Anonymous é um coletivo de hackers popular que organizou alguns dos maiores ataques cibernéticos no início dos anos 2010.
Ameaças internas
Ameaças internas vêm de funcionários, parceiros, contratados, fornecedores, ou qualquer pessoa com acesso aos recursos da organização.
Ao contrário de outras fontes de ameaças cibernéticas, nem todos os problemas internos têm intenções prejudiciais. Pode se resumir a erros humanos inadvertidos, como funcionários instalando inadvertidamente software não autorizado, caindo em um golpe de phishing ou perdendo um dispositivo emitido pela empresa.

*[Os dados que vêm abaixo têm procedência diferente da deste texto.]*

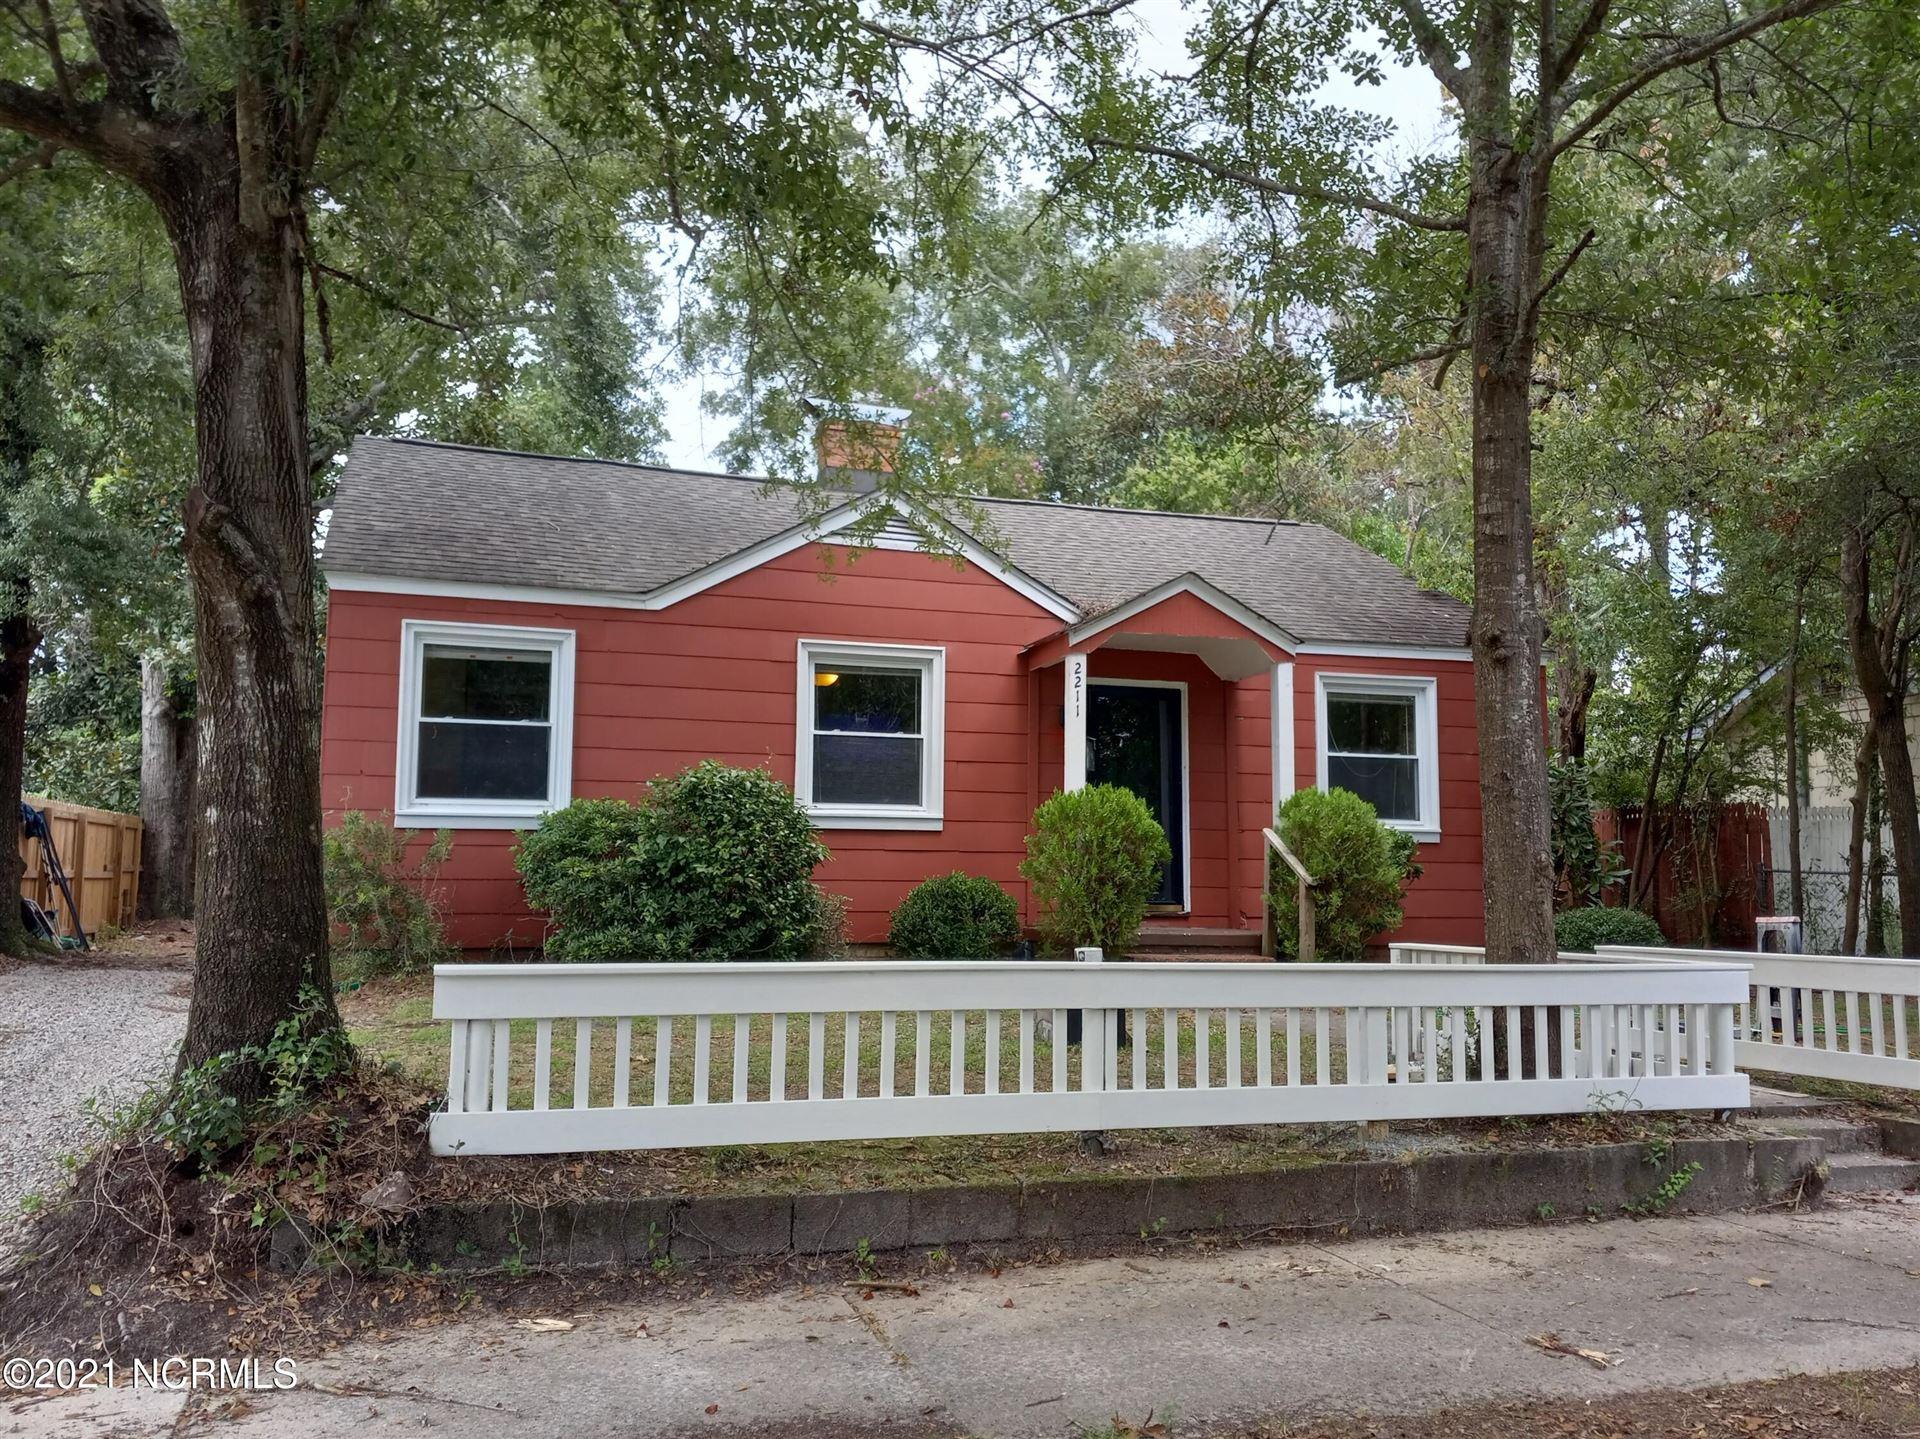 Photo of 2211 Klein Road, Wilmington, NC 28405 (MLS # 100287254)

Por exemplo, um hacker de 18 anos invadiu a Uber Technologies em 2022 usando técnicas de engenharia social para obter credenciais de autenticação de um contratado da empresa.
56%
das ameaças internas surgem de negligência de funcionários ou contratados.
Fonte: Instituto Ponemon
Mas insiders maliciosos existem. Esses traidores abusam de seus privilégios de acesso para roubar dados para ganho monetário ou causar danos a dados ou aplicativos. Violações de dados causadas por insiders maliciosos são mais caras, custando $4,90 milhões em comparação com o custo médio de uma violação de dados de $4,45 milhões.
Ciberterroristas
Organizações terroristas lançam ataques cibernéticos motivados politicamente ou ideologicamente que ameaçam ou resultam em violência. Alguns ciberterroristas são patrocinados pelo estado, e outros agem por conta própria ou em nome de um grupo não governamental.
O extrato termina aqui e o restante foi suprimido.